*** Data shown Section Begins ***

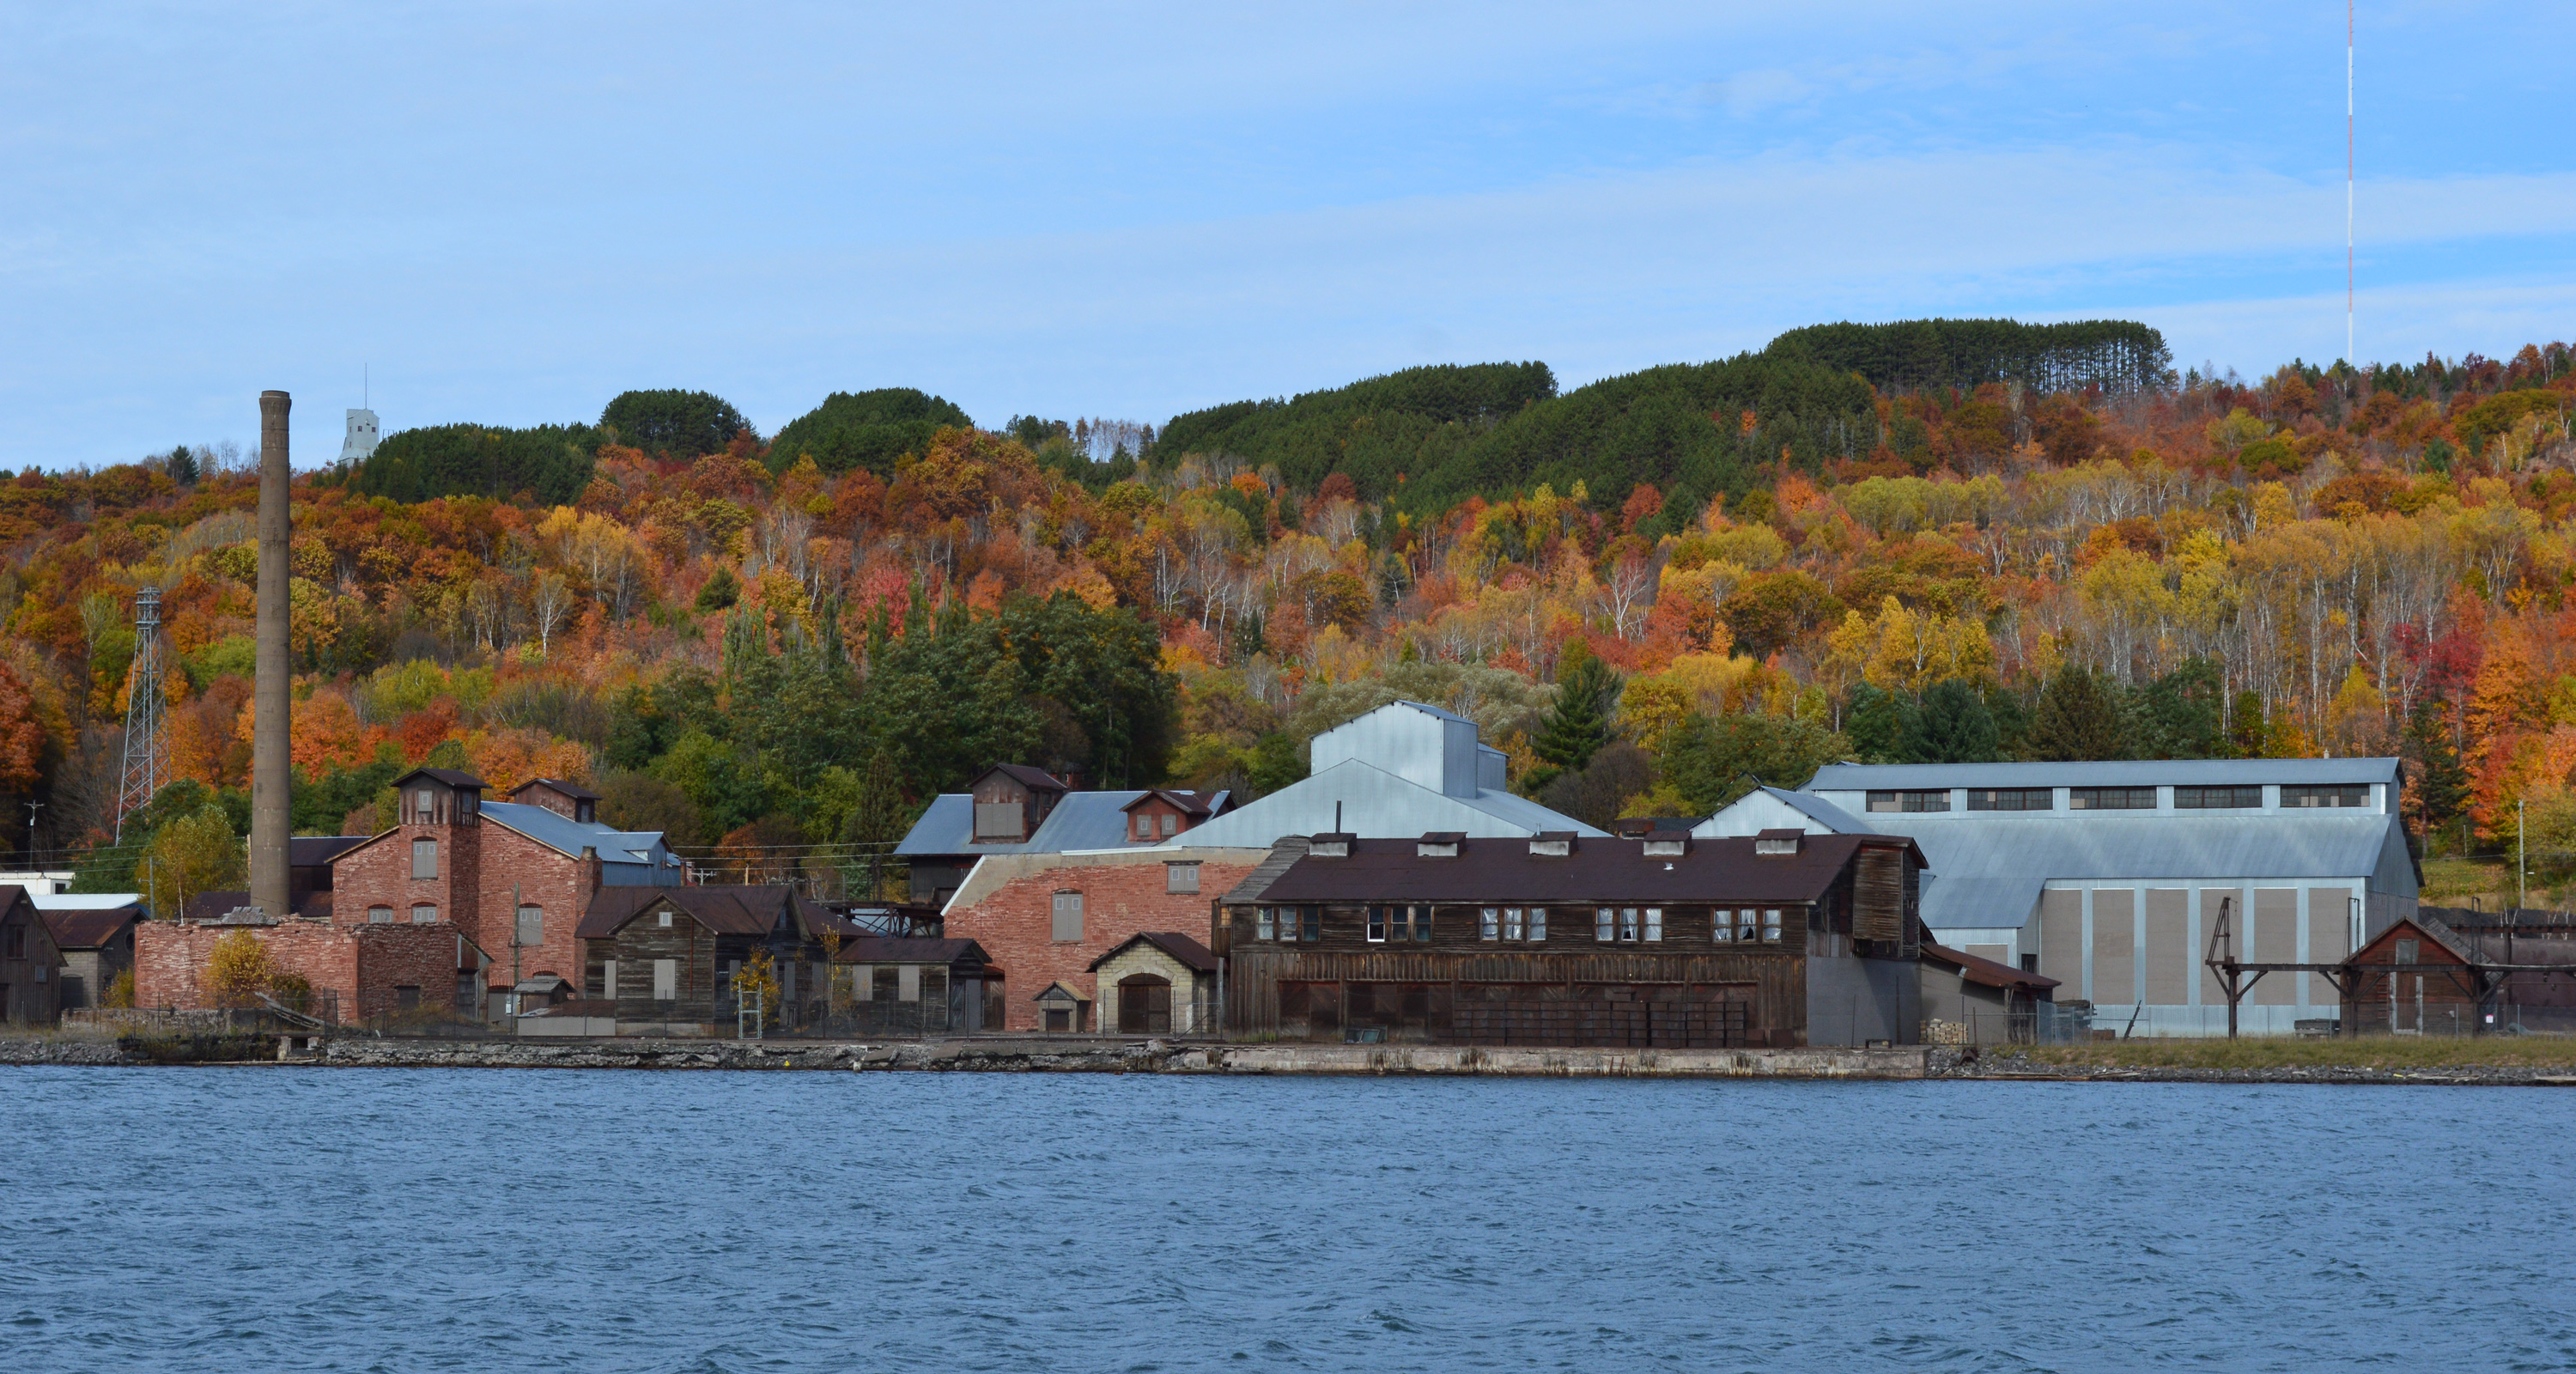 With a colorful autumn background, numerous industrial buildings sit on the waterfront
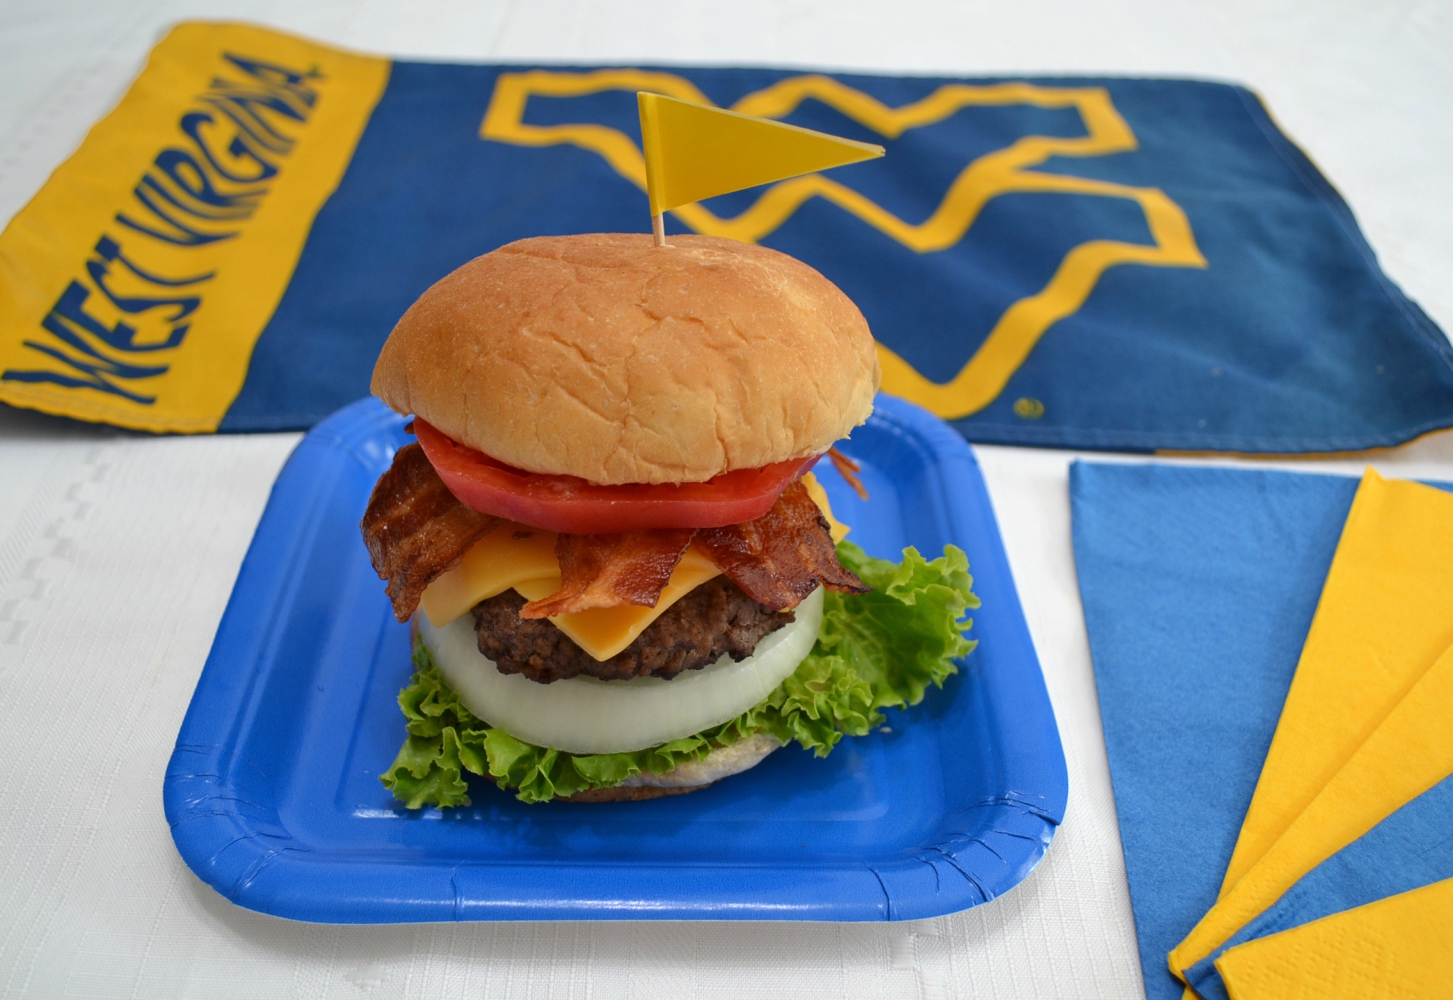 The WV Mountaineer Burger was created to honor the WVU football team and the state of WV. Perfect for tailgates. Loaded with beef, cheese and condiments.
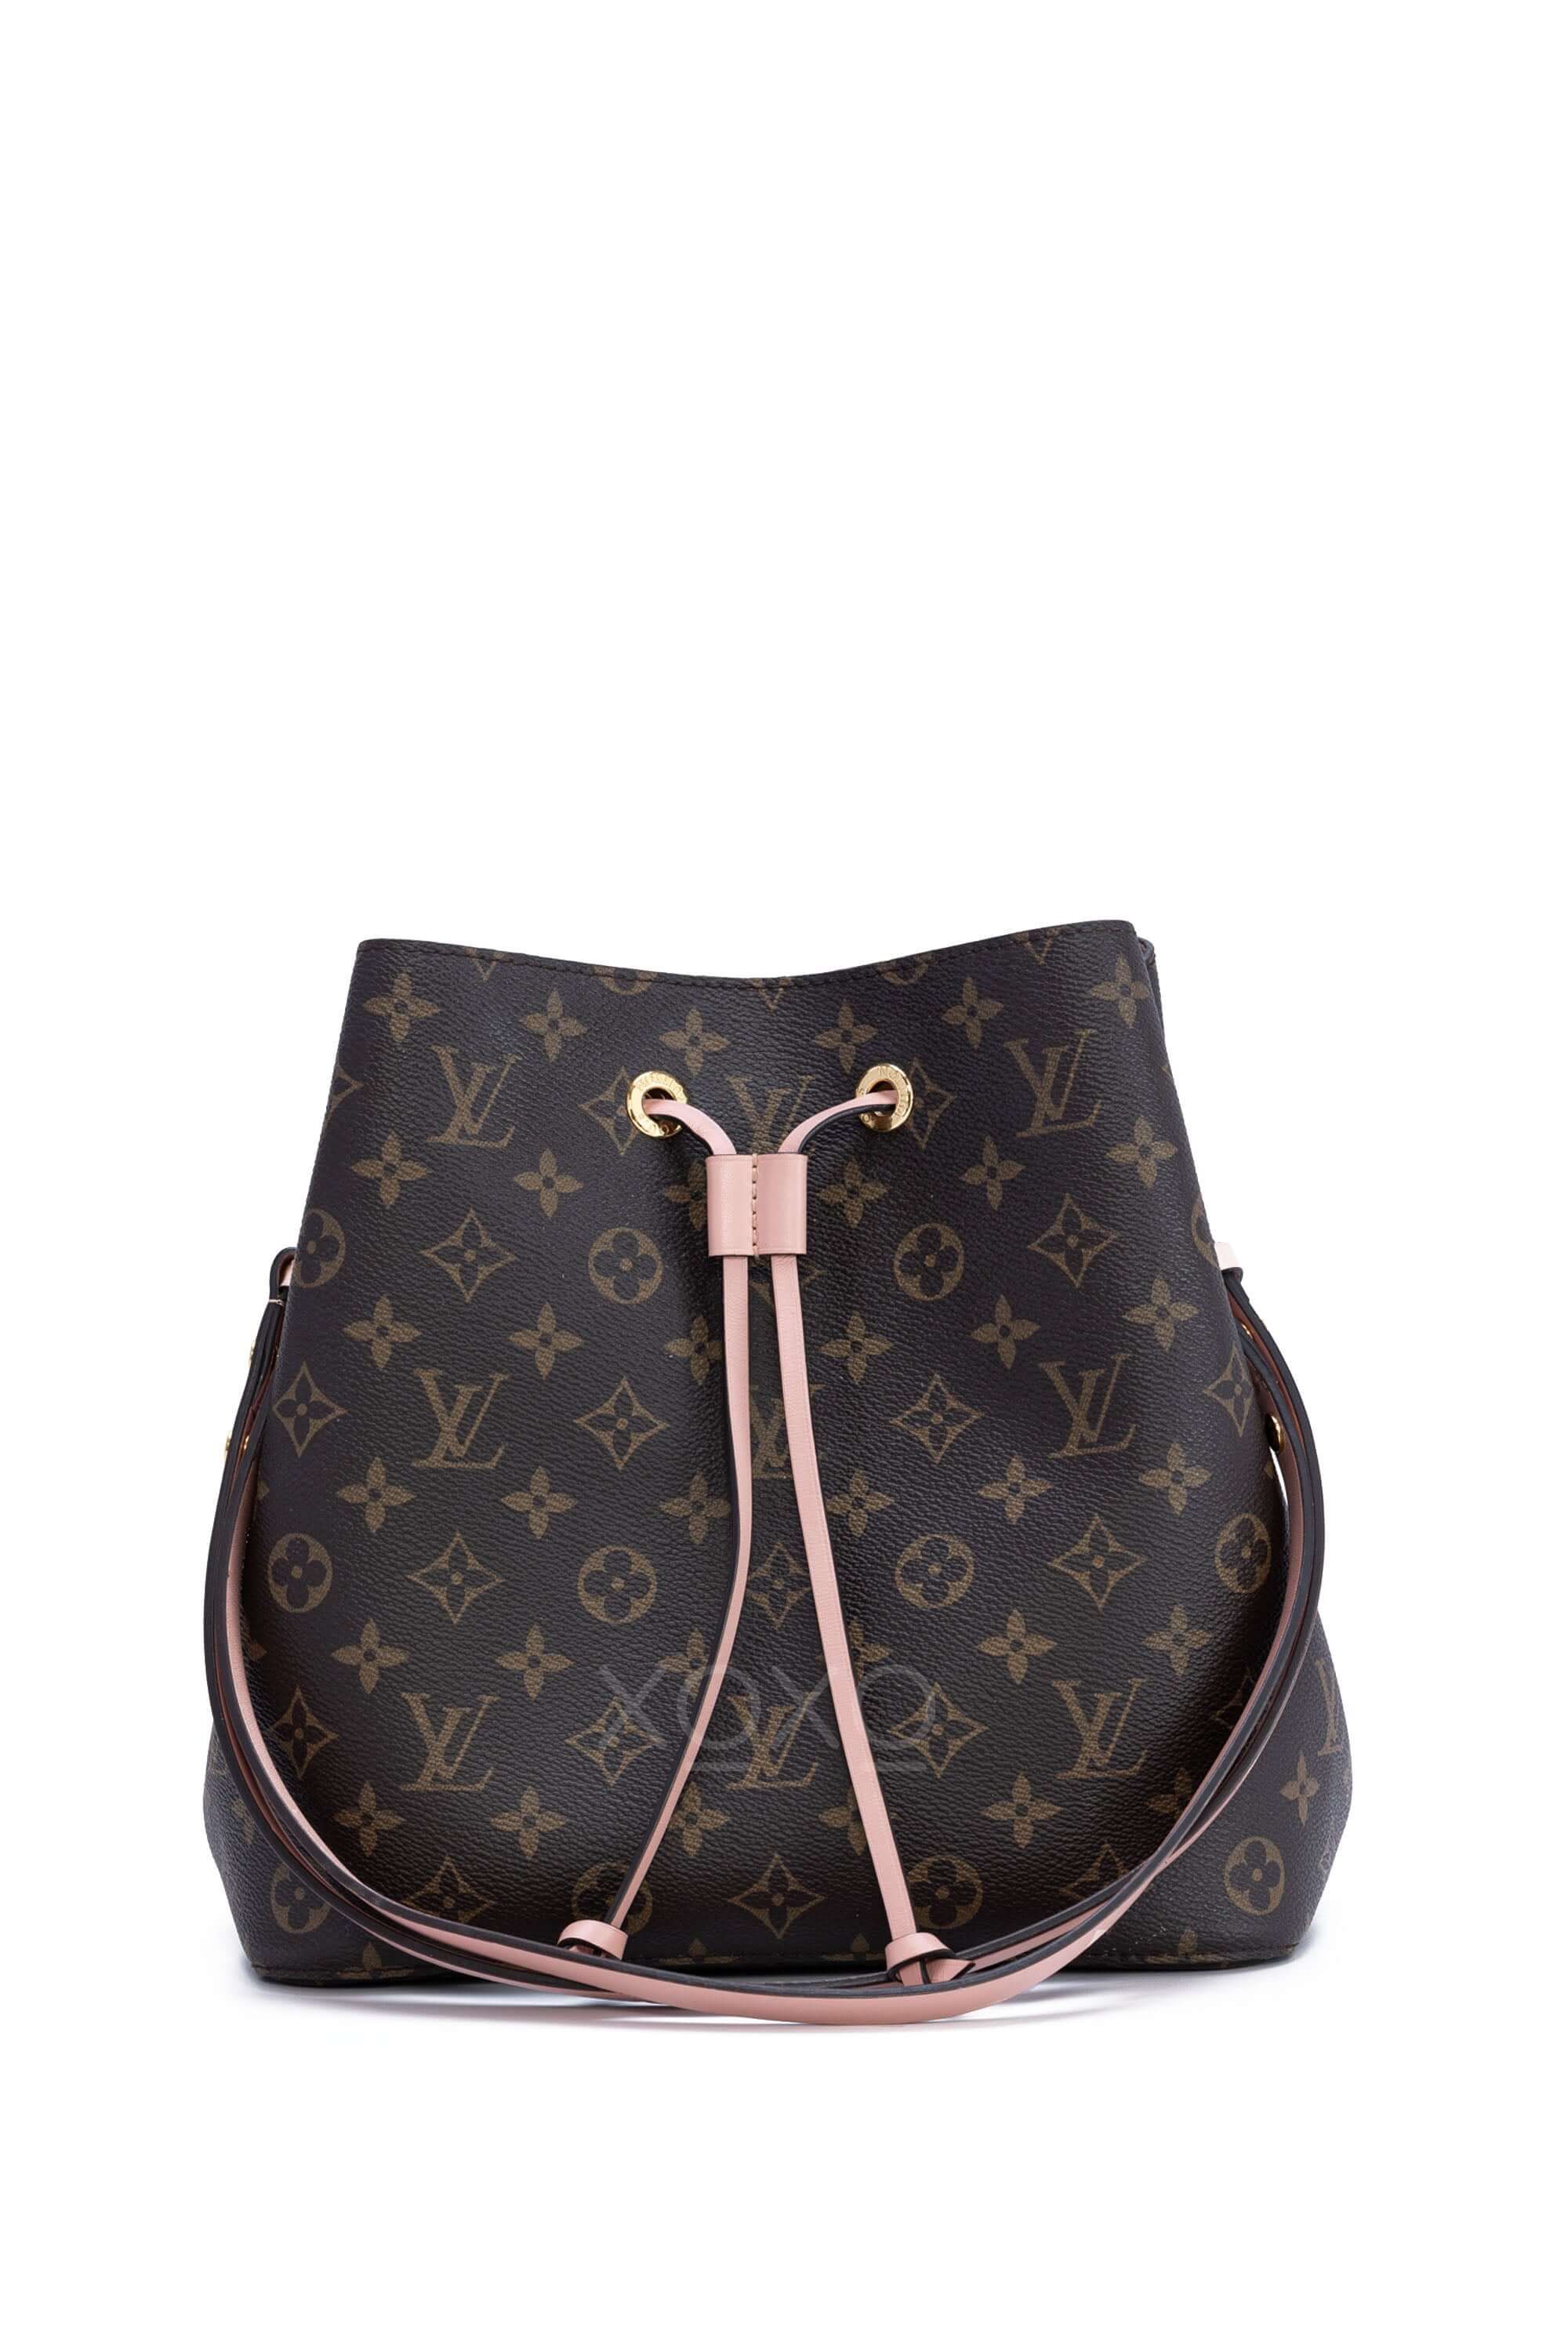 The Louis Vuitton Neonoe Bag May Be the Brand's Most Underrated Design -  PurseBlog

*** Data shown Section Ends ***

■ **Problem statement**
Go to the line containing "The WV Mountaineer", then write out word for word every line from there to the end of the listing. Keep both end lines and drop the pictures.

■ **Exercise response**
 The WV Mountaineer Burger was created to honor the WVU football team and the state of WV. Perfect for tailgates. Loaded with beef, cheese and condiments.
 The Louis Vuitton Neonoe Bag May Be the Brand's Most Underrated Design -  PurseBlog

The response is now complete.